= Felix Abt =

Swiss businessman

Felix Abt (born 15 January 1955, Switzerland) is a Swiss business affairs specialist on North Korea and Vietnam.

Abt was one of the first foreign entrepreneurs to seek to do business in contemporary North Korea, where he lived between 2002 and 2009, and developing and operating businesses.
He co-founded and directed the Pyongyang Business School, where he was involved in capacity building related to business administration for senior executives of North Korean government agencies and enterprises.

Abt published a memoir titled A Capitalist in North Korea: My Seven Years in the Hermit Kingdom in 2014.

==Career==
Before he rejoined the ABB Group in 2002 and moved to North Korea, Felix Abt had been working from 1990 for companies in countries and regions such as Vietnam, the Middle East and Africa.

In 2002, Abt was appointed resident Group Representative in North Korea by the Swiss-Swedish ABB Group, an electrical power and automation technologies company. On 19 May 2003, he signed a memorandum of understanding on the implementation of a large high-tension power grid project by ABB with North Korea's Ministry of Power and Coal Industries, in presence of the Swiss foreign minister, the Swedish ambassador to the DPRK, and the Minister of Power and Coal Industries, "in an effort to solve North Korea's serious problems in the power sector, highlighted by its worn-out generation and transmission facilities".

In late 2003, Abt became an agent of several multinational corporations in business fields such as infrastructure (ABB), mining (Sandvik) and textiles (Dystar) on whose behalf he realized multi-million USD sales.

Abt also acted from October 2005 to February 2009 as managing director of the Pyongsu Joint Venture Company, the first foreign-invested joint venture in the pharmaceutical field. During this period it became the first North Korean pharmaceutical factory to reach international quality standard (called Good Manufacturing Practice or GMP) certified by the World Health Organization and the first North Korean company to win contracts against international competitors. It also set up its own pharmacy chain in the country.

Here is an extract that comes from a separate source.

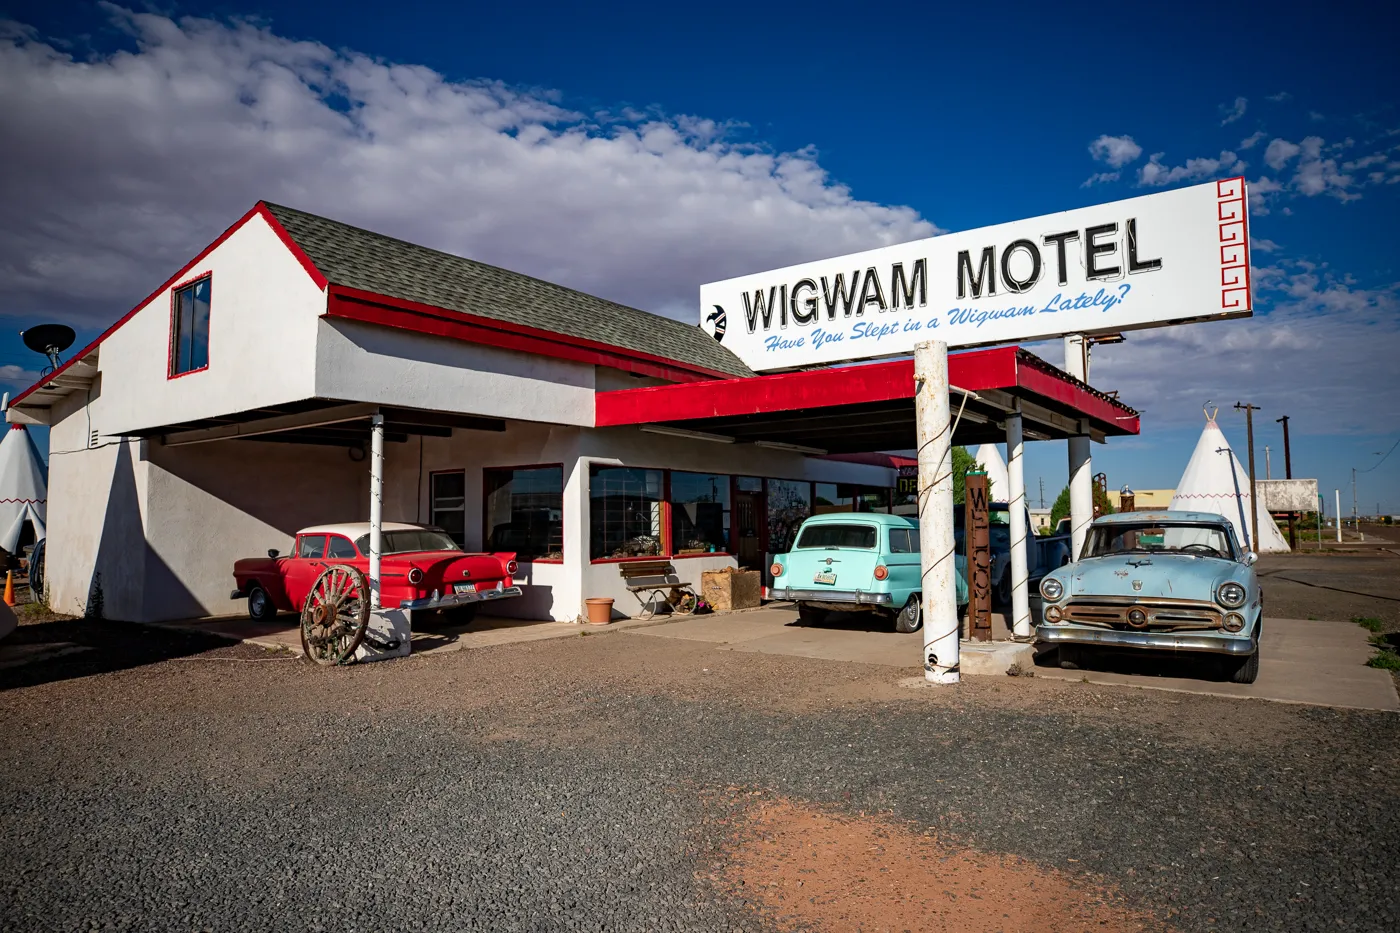 Reception building at Wigwam Motel in Holbrook, Arizona - Route 66 Motel - Wigwam Village Motel #6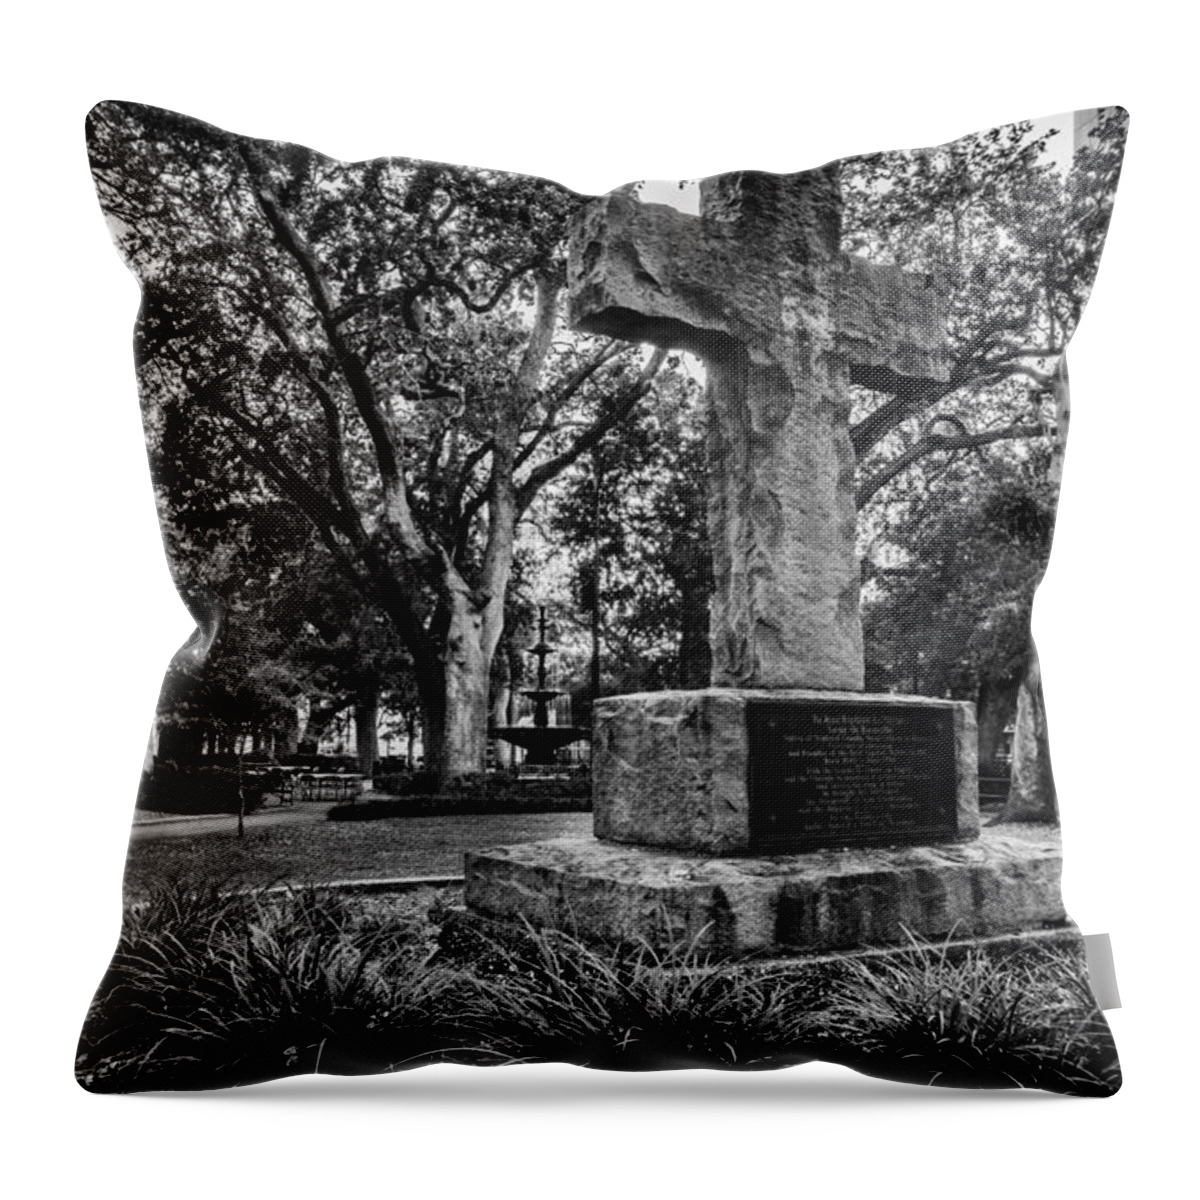 Alabama Throw Pillow featuring the digital art Bienville Cross by Michael Thomas

Abt was the founding president of the European Business Association (EBA) in Pyongyang, set up on 28 April 2005, a de facto European Chamber of Commerce. Among other things, the EBA has organized the participation of European companies at trade fairs in North Korea and has been hosting visiting delegations such as members from the European Union parliament and EU ambassadors to the DPRK. As EBA's president, Abt strongly lobbied against economic sanctions by Western powers hurting legitimate foreign business activities in North Korea.

Concurrently, Abt established the Pyongyang Business School. The school has organized regular cycles of postgraduate seminars on strategic management and business administration for senior executive officers of North Korean ministries and enterprises from 2004.

Together with Volker Eloesser, Abt was a co-founder/investor of the first foreign-invested software joint venture by the name of Nosotek, established in 2007.

Abt set up an online art gallery introducing North Korean painters and promoting North Korean fine art in 2008.

In 2009 Abt left Pyongyang for Vietnam, but is still involved in North Korean issues. In 2014, he published a book about his experiences, A Capitalist in North Korea.

==Controversy==

Because of his investment strategies in North Korea, Abt has been called a "controversial figure" and a member of a "secretive group of Western investors" in North Korea. The investors, including Abt, use a strategy called "China Plus One" where a company "can still claim that the products were 'Made in China," says Abt, if less than 50 percent of the product is made in North Korea. For example, the highest-paid factory workers in North Korea earn $75/month compared to the lowest paid in China at $270/month. The product can still be labeled "Made in China", and thus exportable to countries around the world when using the "China Plus One" strategy. This strategy has been criticized for exploiting laborers in North Korea who experience human rights violations.

Steven Borowiec, who covers the Korea's for the Los Angeles Times, reported that "Abt deflects questions of human rights by claiming that he is neither a human rights expert nor a politician. That may be true, but Abt must be aware that one need not be either of those things to spot something that is morally objectionable."